Data analysis was done using Excel from Microsoft Office 365 ProPlus (Microsoft, Redmond, Washington, USA), Origin 2019 version 9.60 (OriginLab, Northampton, Massachusetts, USA) and Matlab R2021a (MathWorks Inc., Natick, Massachusetts, USA) with the PLS_Toolbox suite (Eigenvector Research Inc., Manson, WA). Isotope data are reported as mean δ13CAA values on the VPDB scale in ‰ with its corresponding standard deviation (Table S1). Data was tested for normality with Kolmogorov–Smirnov tests on a confidence level of 0.95, which was not violated for any given AA and sample. One-way ANOVA was used on δ13C values of each tissue to test for differences of AAs between sampling days (fixed factor). Using sampling days as an independent variable in ANOVA can be problematic because it is not strictly categorial, but each of our sample represents an independent fish individual which couldn’t be sampled multiple times and is therefore not a repeated measure. We further conducted ASCA as a multivariate analysis in a design of experiment approach, with sampling days and tissue types as fixed factors and δ13C of each AA as multivariable. ASCA combines the principles of ANOVA and PCA65 and allows to investigate differences in the isotope signature between tissues without the influence of the expected isotope shift over time dominating our analysis. δ13C data for ASCA was used without preprocessing and the analysis performed with 1000 permutations.

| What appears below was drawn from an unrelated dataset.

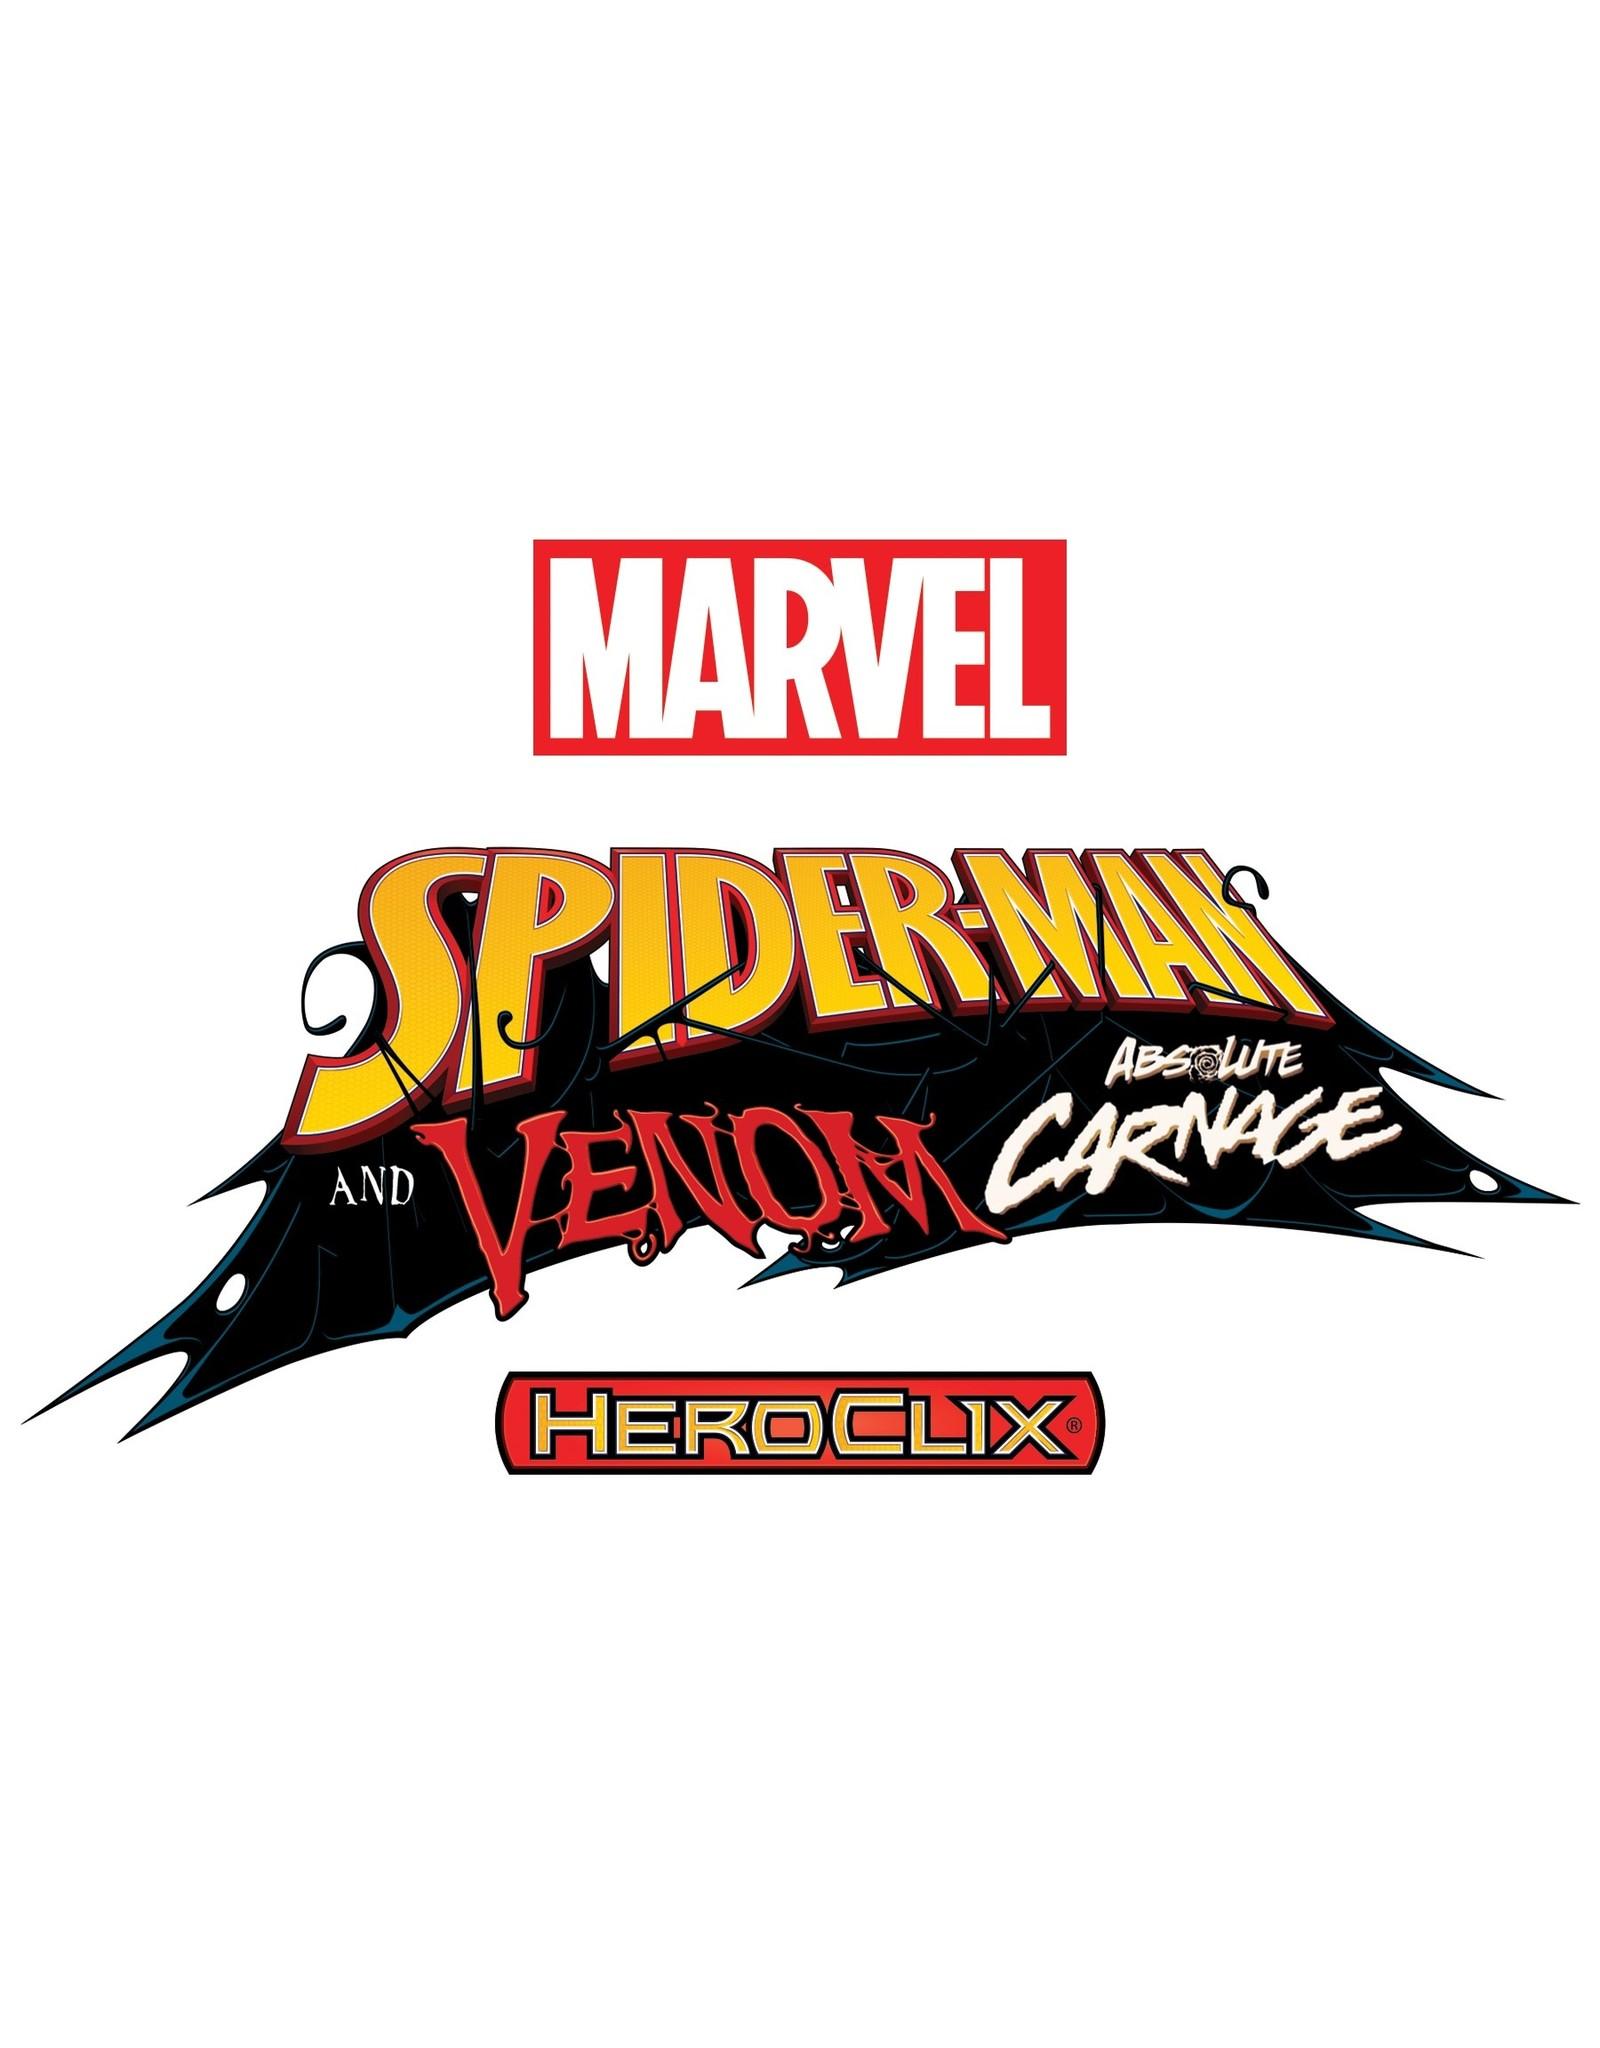 WizKids Marvel HeroClix: Spider-Man and Venom Absolute Carnage Booster Brick (10)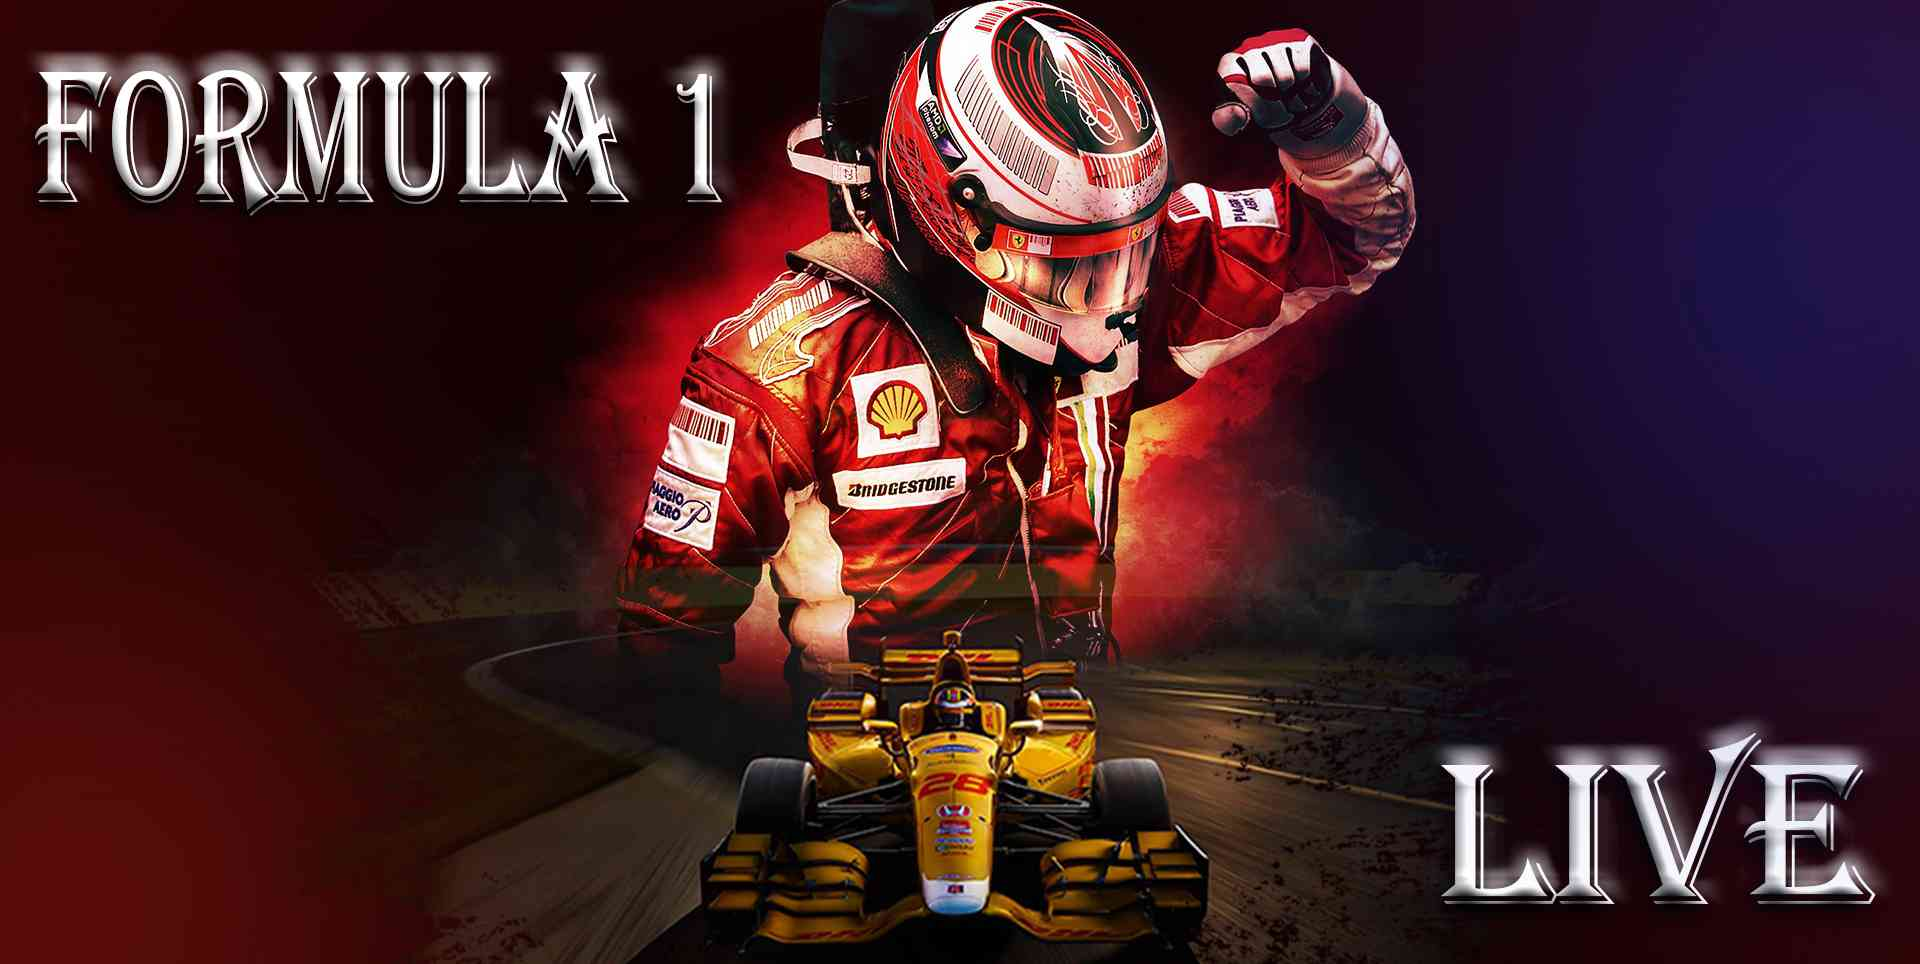 Live F3 European Championship at Silverstone 2015 Stream

Δδ13C values of individual AAs were first calculated individually between each stickleback sample (muscle, liver) and dietary sample and then averaged over all samples on either (1) all days or (2) each sampling day (Table S3). Δδ13C were pooled for NEAAs and EAAs to test for differences in trophic fractionation between those groups among all days. Two-sided t-tests on Δδ13C values of individual AAs were used to test for differences in trophic fractionation against 0‰ on individual sampling days. The significance level α was set to 0.01 to compensate for the low number of biological replicates (n = 5 for fish tissue) that were analyzed, and each ANOVA analysis was accompanied by Brown-Forsythe tests (α = 0.05) to check for equality of group variances and followed up with Tukey’s post hoc tests to identify significant differences between group values. Reducing the significance level avoids false-positive results for small sample sizes, but it consequently increases false-negative results, and we are therefore only discussing the most significant differences of our data, while smaller differences might be lost.